Because you are effectively "stacking" each State in the same While loop with the Case Statement, all the States can share data by the simple expedient of putting the data on a Shift Register. Thus before Acquire Data, you'd wire an empty array to Data. Each pass through Acquire Data, you'd add a point to the array. During Process Data, you'd have the entire array available to process. And so on.

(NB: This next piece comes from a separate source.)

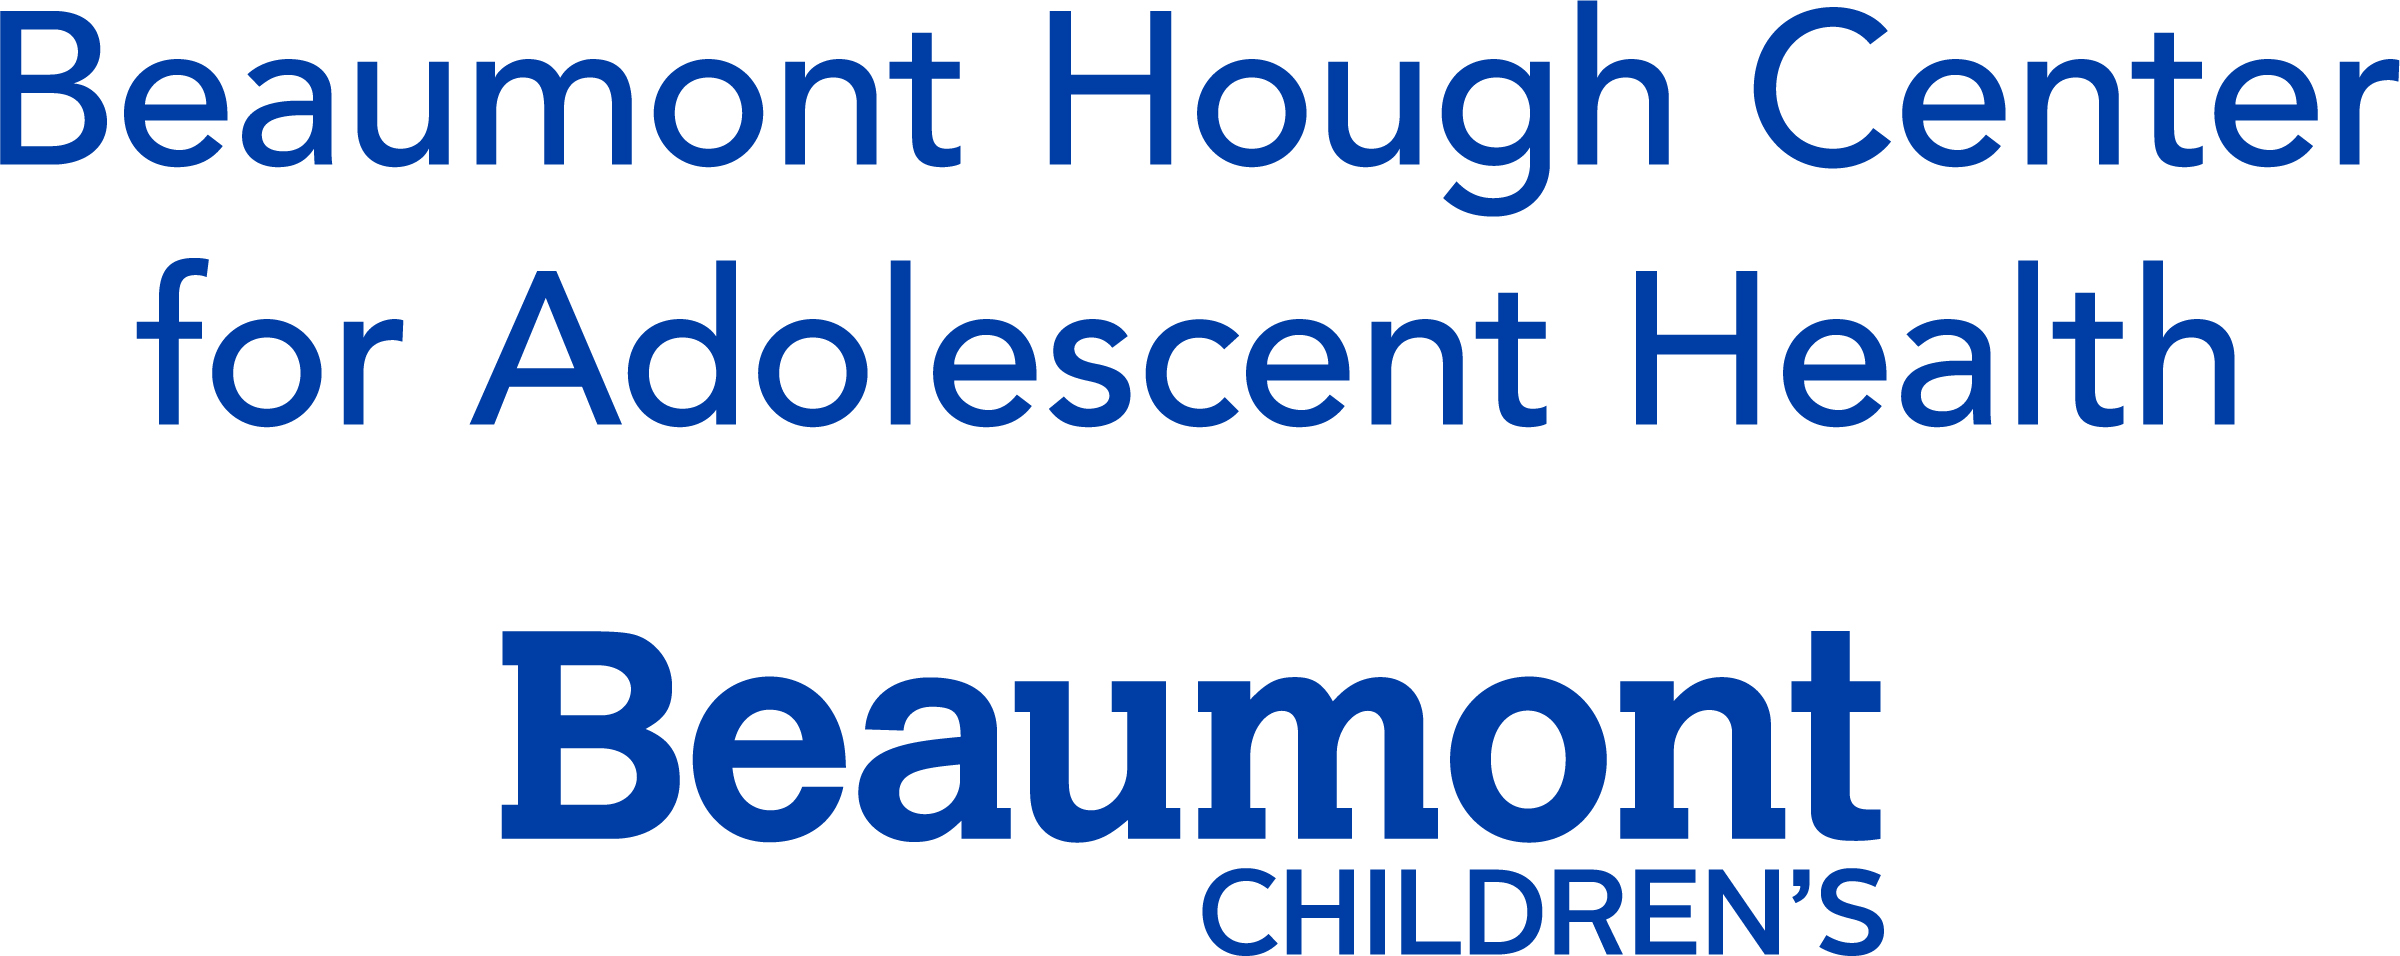 Beaumont Hough Center for Adolescent Health

This is the simplest form of the State Machine, and may be enough for your situation. There are multiple variations in the implementation, but they all have the idea of a loop where you choose, when entering the loop, what you want to do at this moment. Generally, States are designed to be done quickly and not "block" (or stop the State Machine from running) -- the two exceptions here are Acquire, which runs at the speed of Acquisition (i.e. if you are sampling at 10 Hz, it takes 100 msec to get a point) and the Wait state (which is designed to block). There are also ways to avoid "wait blocks", but this is the simplest conceptual way to think about your task.
Bob Schor
Thanks for the response, I actually took a class in finite state automata ages ago and loved it so I know the basics of it. It's really more that I need to get an experiment up and running quickly, and I'll definitely save time in the long run by learning how to do it in LV but it would probably take several hours of futzing around with it for me to implement it successfully here. I'll definitely learn about it when I can though. Thank you!
08-20-2015 04:17 PM
Don't forget that there are pre-made templates for state machine and several other useful architectures (Mater/Slave, Producer/Consumer) built it to LabVIEW. Start there when you're ready to "futz"...
08-20-2015 04:53 PM
Use the Pt By Pt Std Deviation VI rather than waiting. If the std dev of a certain amount of pts is less than 0.1, for example, then the signal can be considered settled. That way you don't wait unnecessarily long (or short).